Viruses change constantly, and new variants continuously emerge during SARS-CoV-2 proliferation and propagation [14]. New virus variants may affect the infectivity, virulence, and immune evasion [15,16]. SARS-CoV-2 is an enveloped positive-sense single-stranded RNA virus, which is more pathogenic than SARS-CoV (2002) and Middle East respiratory syndrome coronavirus (2013) [17]. The SARS-CoV-2 genome is approximately 30 kb long (GenBank number MN908947), and it encodes 9860 amino acids [18,19]. Gene fragments encode structural and nonstructural proteins involved in viral replication. The nucleocapsid (N), spike (S), membrane (M), and envelope (E) genes encode structural proteins, whereas non-structural proteins, such as 3-chymotrypsin-like protease, papain-like protease, and RNA-dependent RNA polymerase are encoded by ORF regions [20,21]. Among them, the most notable mutations are those in the S gene, which is involved in viral entry into cells [22]. It has been widely reported that SARS-CoV-2 has undergone several genetic variants, leading to various mutations such as substitutions, reversions, and deletions throughout the genome [23]. Therefore, analyzing its impact on public health by monitoring variants is of utmost importance, which is performed through genetic composition change analysis, also known as genome sequencing.

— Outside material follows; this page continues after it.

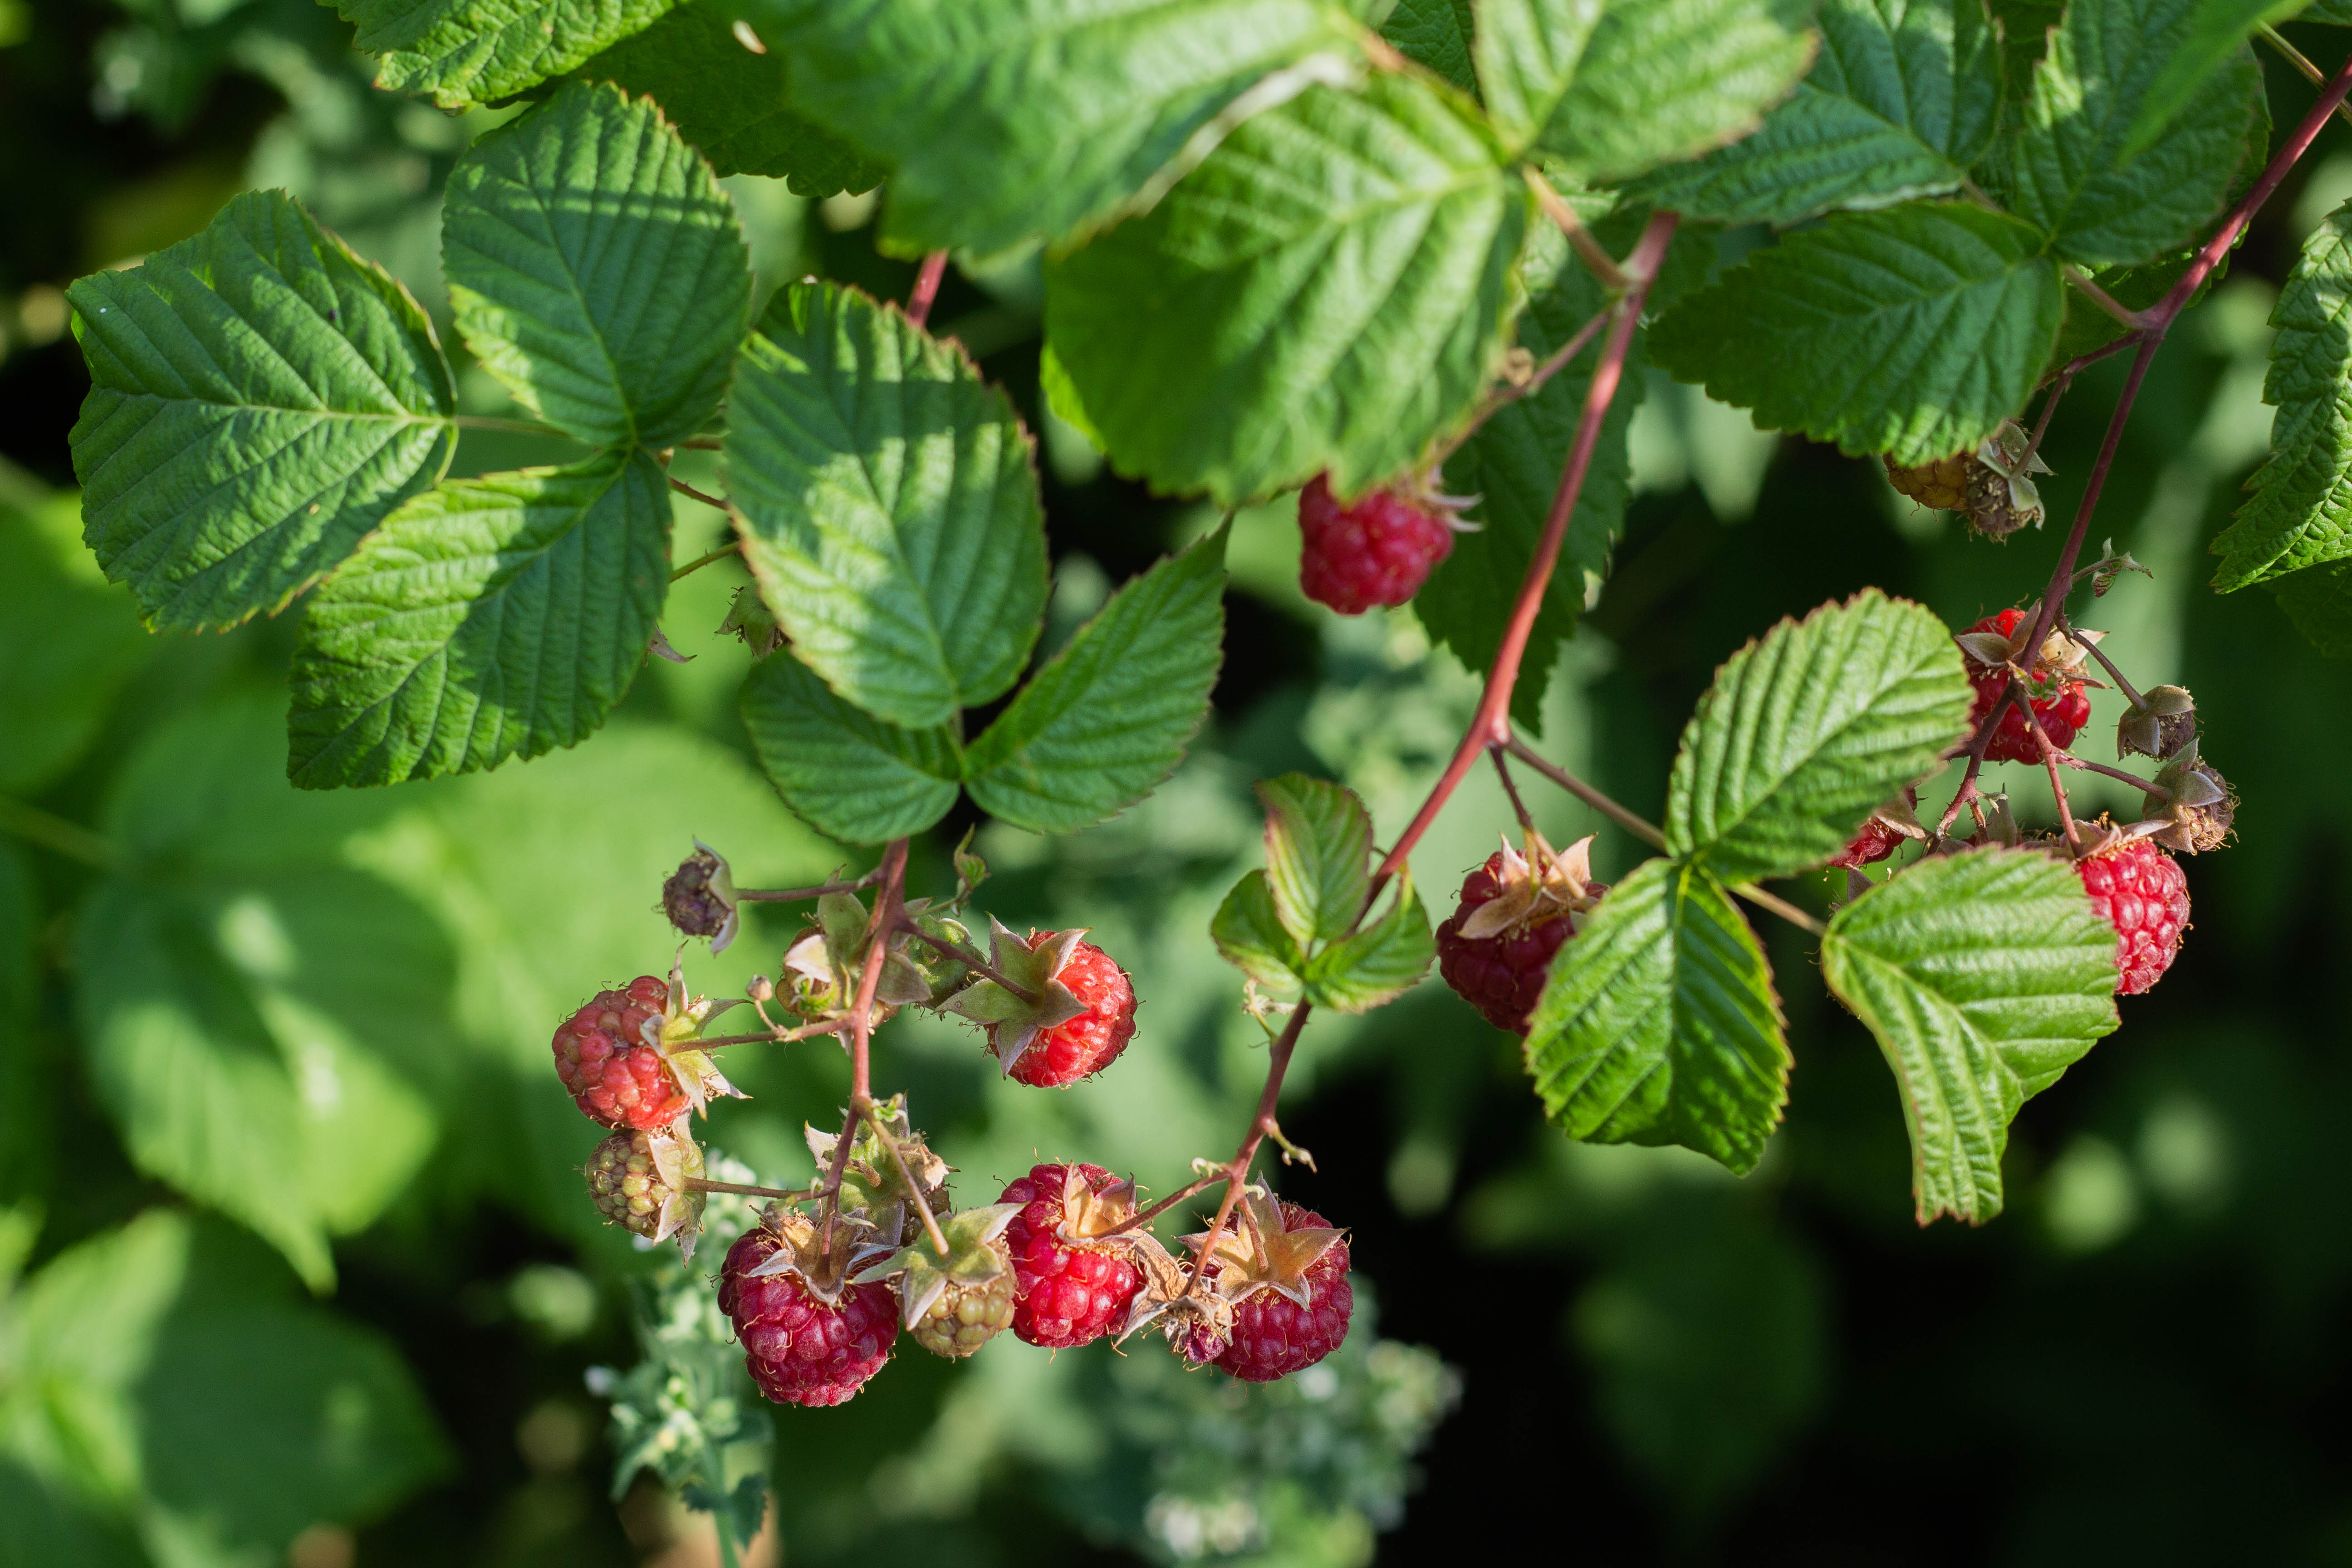 A raspberry bush with raspberries

We used whole-genome sequencing to monitor variants that could be new inflows into Gwangju, South Korea, or propagate within the region. Genome analysis of SARS-CoV-2 in Gwangju showed that B.1.497 was prevalent in the early days of the COVID-19 outbreak. Since then, B.1.1.7 (Alpha variant), first reported in the U.K in September 2020, was partially confirmed through infection in the region, but did not spread significantly. In addition, all cases of B.1.351 (Beta variant), first reported in South Africa in May 2020, were imported, and there were few cases of local transmission. P.1 (Gamma variant), which was first identified in Brazil in November 2020, was not identified, and mainly B.1.619.1 occurred during this time [24]. B.1.617.2 (Delta variant) was identified as the dominant strain from the 2nd week of July 2021, and the sublineages AY.69 and AY.122 were predominantly observed. Since the Delta variant was first identified in India in October 2020, it rapidly increased since April 2021 and became prevalent worldwide since July 2021. It accounts for more than 90% of the data registered in GISAID (analysis update, 10/01/2021) [25]. After the end of December 2021, the Delta variant decreased owing to the appearance of the omicron variant, and as the prevalence of the omicron variant continued for a prolonged period, various Omicron sublineages, such as BA.1, BA.2, BA.4, and BA.5 were detected. Omicron is now the dominant strain worldwide, accounting for more than 98% of viruses in GISAID beyond 2022, and its transmission continues [26]. Therefore, in order to track the public health risks that may arise from variants in the various Omicron sublineages, WHO has defined “Omicron subvariants under monitoring” as a new category to monitor variants [5].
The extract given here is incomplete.